Actif depuis les années 1980 dans la sphère artistique internationale, il a exposé ses œuvres dans des institutions aussi prestigieuses que la Tate Gallery à Londres, le centre Pompidou à Paris ou encore le Palais des Beaux-Arts de Bruxelles et de Charleroi, honoré de nombreuses commandes publiques (le métro de Toulouse, le tramway de Nantes ou la place Goldoni à Paris) et travaillé de concert avec plusieurs architectes renommés à des interventions dans quelques bâtiments historiques (Théâtre des Abbesses et la Manufacture des Gobelins à Paris, université de Metz, palais royal à Bruxelles, collégiale Sainte-Waudru à Mons).

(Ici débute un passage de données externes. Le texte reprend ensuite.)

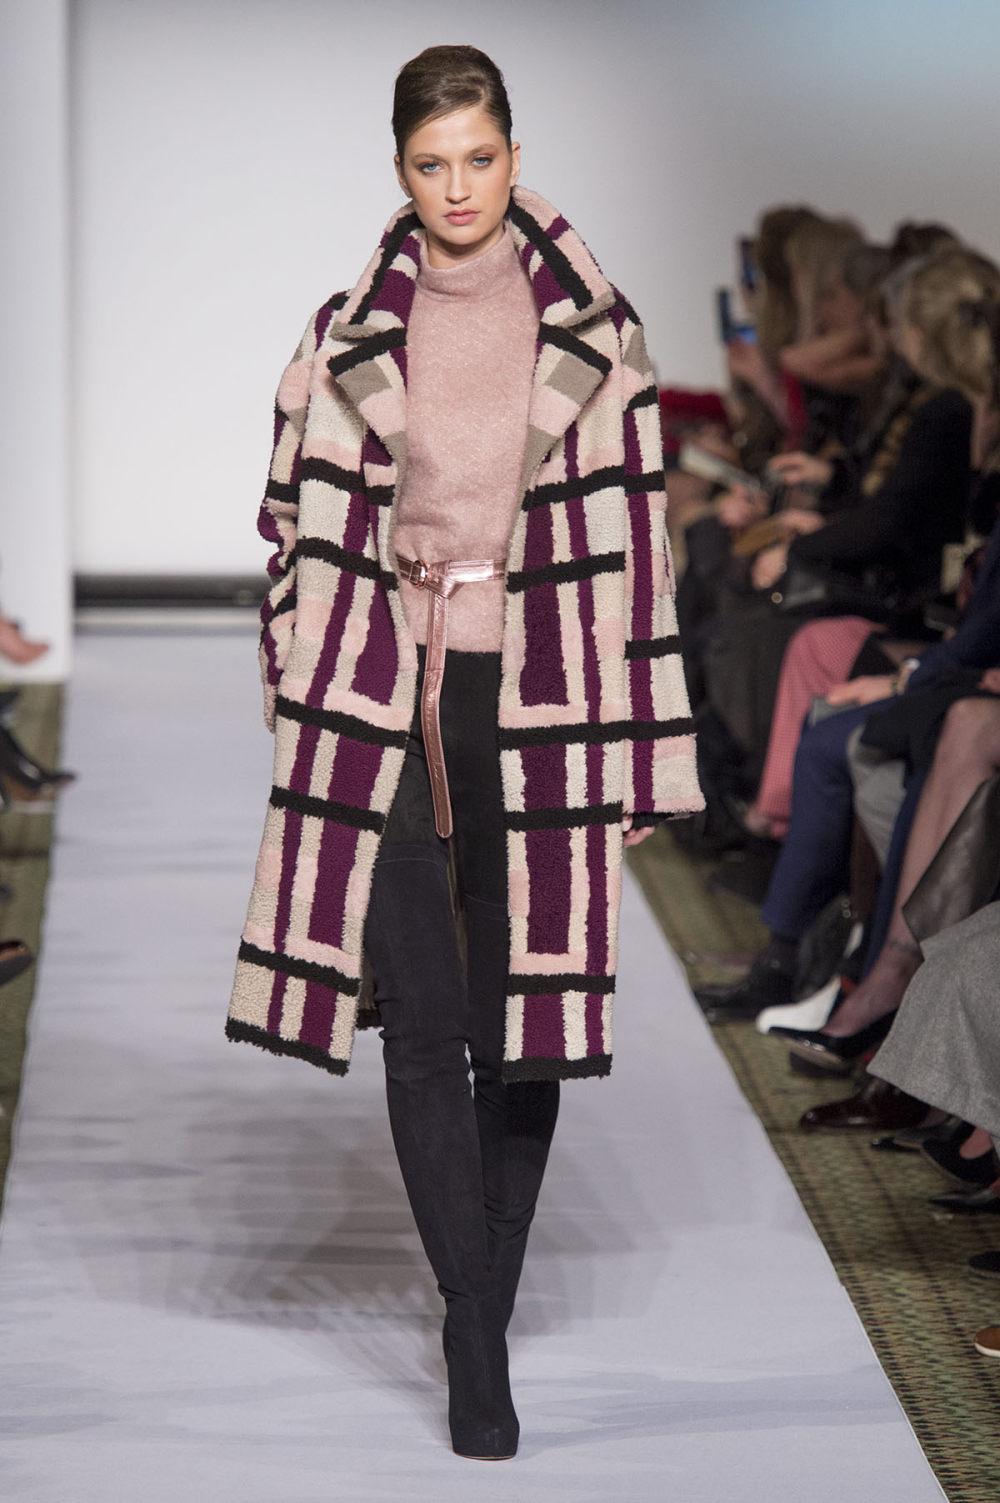 Carolina Herrera时装系列用鲜艳的颜色充满智能的黑白色调-22.jpg

À Liège, on se souvient aussi de ses interventions remarquées (le Balloir, la rue Bonne fortune, l’ancienne société d’Émulation) ainsi que de sa première collaboration avec le Musée en Plein Air du Sart Tilman qui a engendré, en 1996, l’œuvre Sieste sur les hauteurs de Liège.
C’est peut-être ici que… Patrick Corillon est passé
Réel touche-à-tout, Patrick Corillon a déjà livré une production variée, « polymorphe », qui expérimente toutes les techniques (photographies, installations sonores et vidéo, films d’animations, pièces de théâtre, objets, livres…) et dans laquelle, inlassablement, il explore le domaine des sentiments, de l’imagination, du probable ainsi que du langage, vecteur de narration et des expressions. Se présentant comme un passeur de mémoire, un raconteur de fictions, il a à cœur d’interroger la mémoire des lieux, d’en glaner précieusement les histoires et de les évoquer par des installations discrètes (une lézarde dans un mur, une plante grimpante, des traces de ballons…).
L'arbre, 2008. Photo Raoul Lhermite. - Patrick Corillon. Photo Stéphanie Reynders
Ses plaques de rues, disséminées aux quatre coins de la Belgique durant les années 1980, avaient déjà ouvert la voie avec leur scepticisme déconcertant (« C’est peut-être ici que… »), reléguant ces anecdotes à leur place subjective de mythes. Ces légendes, réelles ou créées de toutes pièces, alimentent la poésie toute personnelle de l’artiste, qui tente de définir le processus de réciprocité entre l’homme et ce qui l’entoure – la nature, la ville, les bâtiments, témoins des marques plus ou moins délébiles qu’il y appose. « Peu importe la forme qu’elles prennent et l’endroit où elles sont installées, ses créations sont celles d’un raconteur de légendes, d’un affabulateur hors pair qui s’ingénie à construire un monde avec la précision d’un historien » commente Julie Bawin.
L’hôpital comme une histoire
Dans un lieu aussi lourd de sens que l’hôpital, Corillon déroule les récits que les malades s’inventent ou se racontent entre eux pour tenir le coup, pour s’évader, pour s’interroger : Ces derniers temps, on ne se sentait pas très bien. Mais on ne savait pas si on était vraiment malade, ou si on se racontait des histoires (L’épidémie, 2009). Toutefois, l’artiste ne se contente pas d’épingler en collection une série de faits, de souvenirs. Il les livre comme des tremplins pour réfléchir, interpréter et vivre le lieu lui-même, théâtre des événements. « C’est en réalité toute l’histoire de l’hôpital en soi qu’il réinvente en relatant des faits qui s’y seraient déroulés, des découvertes qui y auraient eu lieu. D’une forme à l’autre, ces récits se répondent et s’entrecroisent, ils se lisent autant qu’ils se regardent, se touchent autant qu’ils s’écoutent » précise encore la commissaire.